Seaport in Western Australia

Port Hedland is one of the largest iron ore loading ports in the world and the largest in Australia. In 2022, it had the largest bulk cargo throughput in Australia. With the neighbouring ports of Port Walcott and Dampier, Port Hedland is one of three major iron ore exporting ports in the Pilbara region of Western Australia.

==History==
Named after Captain Hedland, the master of a ship that anchored there in 1863, Port Hedland was first developed in order to service the needs of the local pastoral industry in East Pilbara. The first jetty was built in 1896, this was extended in 1908 after the discovery of gold in the Marble Bar area.

Until the 1930s the port was predominantly used to import goods and stores for the local industries and to export pearl, shell, wool, livestock, gold, tin and copper.
With the end of World War II, the port began exporting significant amounts of manganese.

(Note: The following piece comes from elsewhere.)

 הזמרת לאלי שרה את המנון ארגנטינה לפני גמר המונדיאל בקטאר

The 1960s saw the development of the port by the iron ore and salt industries. Mount Goldsworthy Mining Associates, a company later absorbed by BHP, dredged an approach channel and turning basin for 65,000 DWT ships. Meanwhile, the Leslie Salt Company, from August 2001 Dampier Salt (part of Rio Tinto), built a land backed wharf and facilities to aid salt exports and fuel imports.

Further dredging was performed after the Mount Newman Mining Company, a subsidiary of BHP, chose Port Hedland as its export port. The new works allowed for ships up to 120,000 DWT.

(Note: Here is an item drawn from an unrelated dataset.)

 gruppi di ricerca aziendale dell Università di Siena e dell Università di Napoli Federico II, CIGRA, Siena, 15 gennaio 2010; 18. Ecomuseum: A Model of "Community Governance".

Between the 1960s and today and extensive dredging and building has taken Port Hedland from a convenient anchorage to 15 berths capable of loading various ores and goods onto ships ranging from 25,000 DWT to 320,000 DWT.

From 1997 to 1999, the Port Hedland Harbour Tunnel was constructed under the Port of Port Hedland to convey iron ore fines to Finucane Island.

In 2005/06 Port Hedland became the first Australian port to export in excess of 100 million tonnes annually. In 2010/11 the port exported a record 199 million tonnes, making it the largest port by cargo tonnage in Australia.

In 2021/22, 561 million tonnes of cargo passed through the port. In 2023/24, over 7,000 bulk carrier vessels (about half of them iron ore) visit the ports in Pilbara.

==Port authority==
Port Hedland's harbour is managed by the Pilbara Port Authority, a Government of Western Australia instrumentality. The port authority's headquarters, control tower and heliport are at Mangrove Point, just to the west of The Esplanade at the western end of Port Hedland.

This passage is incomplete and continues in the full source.